Javelin’s weapon of choice is the boombox. Also the turntable, the sampler, the guitar, other stringed things and homemade implements .Their new album, No Mas, brings nerdcore pleasure and pain, dancing sunny side up. Rainbows may get a little distorted, but raindrops get kicked like soccer balls (and drum machines). A large female singer should kick into Javelin’s foreground occasionally, but they’re already squeaking, “You made a man of me!” They do test their cool on stage, racing between recycled devices of wonder. Talk about lust in the dust!
MARCH 31:
The Robert Cray Band
Thursday @ LC Pavilion
Eric Clapton has never displayed more of an audacious flare than he did in the early 90s, when he challenged himself and singer-guitarist Robert Cray in concert. Some of this is evident on Clapton’s 24 Nights, although Cray’s own live albums are where he shines brightest. On Live From Across The Pond, Cray follows and pursues through desperate phone calls and dreamy shower stalls, parties and battlefields.
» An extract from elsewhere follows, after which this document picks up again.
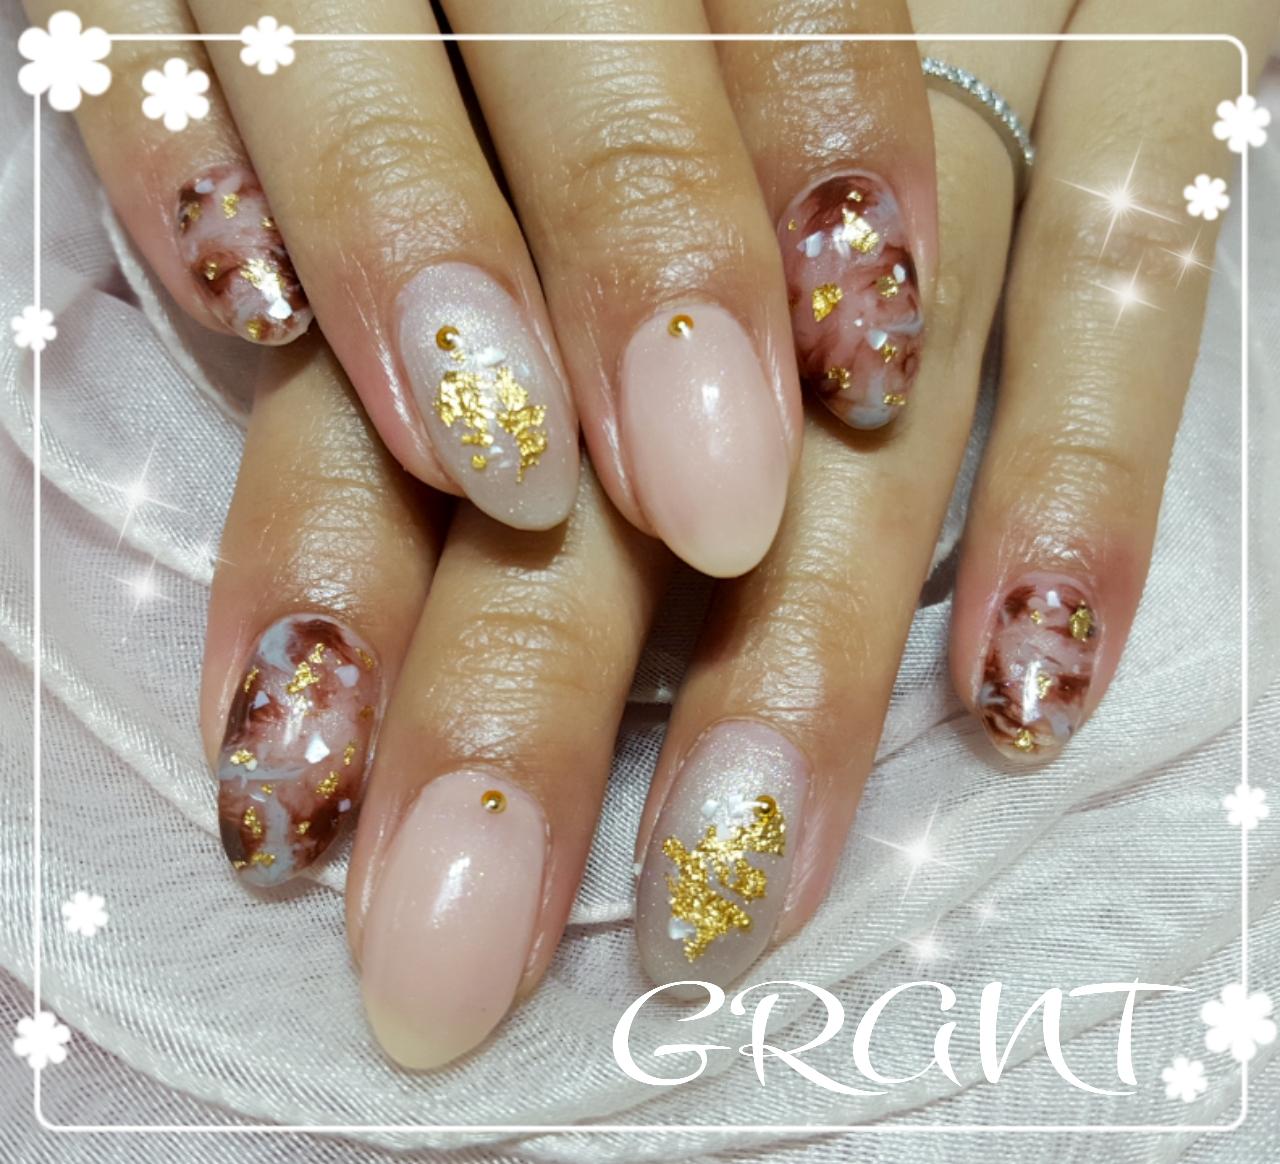 http://www.nail-grant.com/16-10-31-18-28-10-856_deco.jpg

In volatile ballads and fast vehicles, sometimes fueled by funk, soul, rock, and Caribbean sources, Cray’s blues are unmistakable.
Robert Francis
Thursday @ Summit
"The moon, like a disco ball, hung low in the early morning sky, and within the hour, the sky began to erupt; the wind, tossing and turning, carried each and every color through and about the clouds." That's an update from singer-songwriter Robert Francis, heading out with his band. No disco, alas, but his music can move with this passage's insistently vivid drama of anticipation and apprehension. Lost love and re-discovered, still-youthful vitality slide and roll through luminescent folk-rock, as Francis swears, "I'll be gone by nightfall, " once again.
The Black Swans
Saturday @ Rumba Café
On Words Are Stupid, Columbus Americana avatars Black Swans present language with a new set of sounds, poetically persuasive even when abrasive, and no stranger than George Washington’s wooden teeth. The late Noel Sayre’s violin and kazoo sometimes appear; their relationship always seems key. You could even call this “post-Americana," but only if you mean that the foreign intrigue of “Black Swans Tango” fits too. Despite an ear-popping flight, a typically stubborn romantic jumps onstage “with a band I cannot hear”, serenading his sweetie with very special delivery. Love conquers all! Also vice-versa, but still.
The xx
Monday @ Wexner Center
"Can I make it better/With the lights turned on?" Oh heck no, Romy Croft, you better just keep shaping and shading the space between and within you and your love with your voice and guitar. That's the way the post-punk wavelengths of the xx's self-titled debut album form a vessel of intimacy, even in cheap headphones.Their gracefully minimalist music seems centered around love's fearful power, but while Croft realizes, "You've applied the pressure/To have me crystallized," she's also guiding, at just the right speed.